*Data for analysis:*
▽
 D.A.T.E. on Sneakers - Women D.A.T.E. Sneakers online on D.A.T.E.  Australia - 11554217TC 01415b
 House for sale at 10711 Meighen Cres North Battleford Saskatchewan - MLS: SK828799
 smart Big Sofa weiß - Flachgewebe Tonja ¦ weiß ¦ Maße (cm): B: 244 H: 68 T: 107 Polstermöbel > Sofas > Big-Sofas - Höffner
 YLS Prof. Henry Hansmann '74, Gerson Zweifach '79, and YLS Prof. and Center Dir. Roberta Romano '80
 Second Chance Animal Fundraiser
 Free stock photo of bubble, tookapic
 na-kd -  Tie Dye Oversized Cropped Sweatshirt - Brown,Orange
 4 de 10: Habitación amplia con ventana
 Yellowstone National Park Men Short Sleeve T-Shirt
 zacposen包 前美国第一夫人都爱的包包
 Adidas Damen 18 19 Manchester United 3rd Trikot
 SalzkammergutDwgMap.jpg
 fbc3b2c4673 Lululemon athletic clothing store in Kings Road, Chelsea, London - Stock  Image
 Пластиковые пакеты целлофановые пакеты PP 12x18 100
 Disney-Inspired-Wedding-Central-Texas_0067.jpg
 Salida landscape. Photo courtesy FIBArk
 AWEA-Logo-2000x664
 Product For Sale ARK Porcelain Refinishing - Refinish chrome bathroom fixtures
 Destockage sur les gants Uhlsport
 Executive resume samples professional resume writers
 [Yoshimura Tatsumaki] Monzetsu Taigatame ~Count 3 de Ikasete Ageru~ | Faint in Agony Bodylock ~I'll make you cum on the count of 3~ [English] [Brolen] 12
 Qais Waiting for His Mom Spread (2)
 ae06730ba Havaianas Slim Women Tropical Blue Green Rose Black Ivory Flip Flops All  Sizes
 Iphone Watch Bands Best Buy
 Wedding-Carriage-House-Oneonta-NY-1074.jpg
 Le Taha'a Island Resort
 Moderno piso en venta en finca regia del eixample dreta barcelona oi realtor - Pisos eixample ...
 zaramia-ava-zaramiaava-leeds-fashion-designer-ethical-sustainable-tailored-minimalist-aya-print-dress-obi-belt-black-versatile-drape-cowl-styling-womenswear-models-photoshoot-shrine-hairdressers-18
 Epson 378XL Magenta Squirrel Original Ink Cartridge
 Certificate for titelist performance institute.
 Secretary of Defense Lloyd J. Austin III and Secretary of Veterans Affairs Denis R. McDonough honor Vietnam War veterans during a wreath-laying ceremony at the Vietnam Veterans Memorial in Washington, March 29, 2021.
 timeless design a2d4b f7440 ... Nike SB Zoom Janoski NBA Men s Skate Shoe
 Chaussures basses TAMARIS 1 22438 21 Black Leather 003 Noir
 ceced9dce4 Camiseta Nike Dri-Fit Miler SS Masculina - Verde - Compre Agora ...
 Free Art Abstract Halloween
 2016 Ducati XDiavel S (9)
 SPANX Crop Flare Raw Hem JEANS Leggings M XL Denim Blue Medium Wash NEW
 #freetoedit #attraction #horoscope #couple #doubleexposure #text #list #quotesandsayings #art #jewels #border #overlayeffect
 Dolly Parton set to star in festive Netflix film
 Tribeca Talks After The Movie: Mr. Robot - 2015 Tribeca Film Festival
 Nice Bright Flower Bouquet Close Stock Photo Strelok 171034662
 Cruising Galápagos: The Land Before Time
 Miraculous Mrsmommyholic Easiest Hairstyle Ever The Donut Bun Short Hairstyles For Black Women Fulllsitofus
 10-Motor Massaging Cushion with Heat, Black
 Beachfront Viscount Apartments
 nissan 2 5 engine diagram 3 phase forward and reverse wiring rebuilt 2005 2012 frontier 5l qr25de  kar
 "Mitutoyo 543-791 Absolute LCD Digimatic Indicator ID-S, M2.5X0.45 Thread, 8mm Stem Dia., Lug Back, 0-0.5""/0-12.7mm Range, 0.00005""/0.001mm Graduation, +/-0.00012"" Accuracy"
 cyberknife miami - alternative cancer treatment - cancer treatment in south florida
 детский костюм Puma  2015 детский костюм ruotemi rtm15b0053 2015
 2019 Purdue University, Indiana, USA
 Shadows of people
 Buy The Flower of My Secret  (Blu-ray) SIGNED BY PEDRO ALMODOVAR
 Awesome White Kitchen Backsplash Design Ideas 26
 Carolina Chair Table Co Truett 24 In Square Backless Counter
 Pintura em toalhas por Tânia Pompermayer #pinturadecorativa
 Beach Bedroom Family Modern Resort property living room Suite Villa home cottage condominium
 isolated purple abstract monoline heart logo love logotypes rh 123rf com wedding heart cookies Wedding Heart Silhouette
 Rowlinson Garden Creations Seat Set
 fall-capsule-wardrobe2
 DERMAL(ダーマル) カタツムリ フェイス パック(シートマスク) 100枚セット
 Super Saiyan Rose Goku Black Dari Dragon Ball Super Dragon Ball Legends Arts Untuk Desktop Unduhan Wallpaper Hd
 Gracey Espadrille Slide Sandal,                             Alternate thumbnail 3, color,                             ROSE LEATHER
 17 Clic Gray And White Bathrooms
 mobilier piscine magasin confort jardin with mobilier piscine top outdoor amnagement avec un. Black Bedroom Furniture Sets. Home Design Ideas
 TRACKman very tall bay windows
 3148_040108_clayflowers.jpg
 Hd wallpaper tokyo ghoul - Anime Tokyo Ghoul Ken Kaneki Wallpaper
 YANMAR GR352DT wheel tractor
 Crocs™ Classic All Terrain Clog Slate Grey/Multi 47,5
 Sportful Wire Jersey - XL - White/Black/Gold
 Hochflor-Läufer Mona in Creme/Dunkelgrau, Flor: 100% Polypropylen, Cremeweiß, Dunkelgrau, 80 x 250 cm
△
*Work request:* Go to the line in the material above that contains "#freetoedit #attraction #horoscope" and copy exactly from there through the line that contains "17 Clic Gray And White Bathrooms", stopping after it.

*Task answer:*
 #freetoedit #attraction #horoscope #couple #doubleexposure #text #list #quotesandsayings #art #jewels #border #overlayeffect
 Dolly Parton set to star in festive Netflix film
 Tribeca Talks After The Movie: Mr. Robot - 2015 Tribeca Film Festival
 Nice Bright Flower Bouquet Close Stock Photo Strelok 171034662
 Cruising Galápagos: The Land Before Time
 Miraculous Mrsmommyholic Easiest Hairstyle Ever The Donut Bun Short Hairstyles For Black Women Fulllsitofus
 10-Motor Massaging Cushion with Heat, Black
 Beachfront Viscount Apartments
 nissan 2 5 engine diagram 3 phase forward and reverse wiring rebuilt 2005 2012 frontier 5l qr25de  kar
 "Mitutoyo 543-791 Absolute LCD Digimatic Indicator ID-S, M2.5X0.45 Thread, 8mm Stem Dia., Lug Back, 0-0.5""/0-12.7mm Range, 0.00005""/0.001mm Graduation, +/-0.00012"" Accuracy"
 cyberknife miami - alternative cancer treatment - cancer treatment in south florida
 детский костюм Puma  2015 детский костюм ruotemi rtm15b0053 2015
 2019 Purdue University, Indiana, USA
 Shadows of people
 Buy The Flower of My Secret  (Blu-ray) SIGNED BY PEDRO ALMODOVAR
 Awesome White Kitchen Backsplash Design Ideas 26
 Carolina Chair Table Co Truett 24 In Square Backless Counter
 Pintura em toalhas por Tânia Pompermayer #pinturadecorativa
 Beach Bedroom Family Modern Resort property living room Suite Villa home cottage condominium
 isolated purple abstract monoline heart logo love logotypes rh 123rf com wedding heart cookies Wedding Heart Silhouette
 Rowlinson Garden Creations Seat Set
 fall-capsule-wardrobe2
 DERMAL(ダーマル) カタツムリ フェイス パック(シートマスク) 100枚セット
 Super Saiyan Rose Goku Black Dari Dragon Ball Super Dragon Ball Legends Arts Untuk Desktop Unduhan Wallpaper Hd
 Gracey Espadrille Slide Sandal,                             Alternate thumbnail 3, color,                             ROSE LEATHER
 17 Clic Gray And White Bathrooms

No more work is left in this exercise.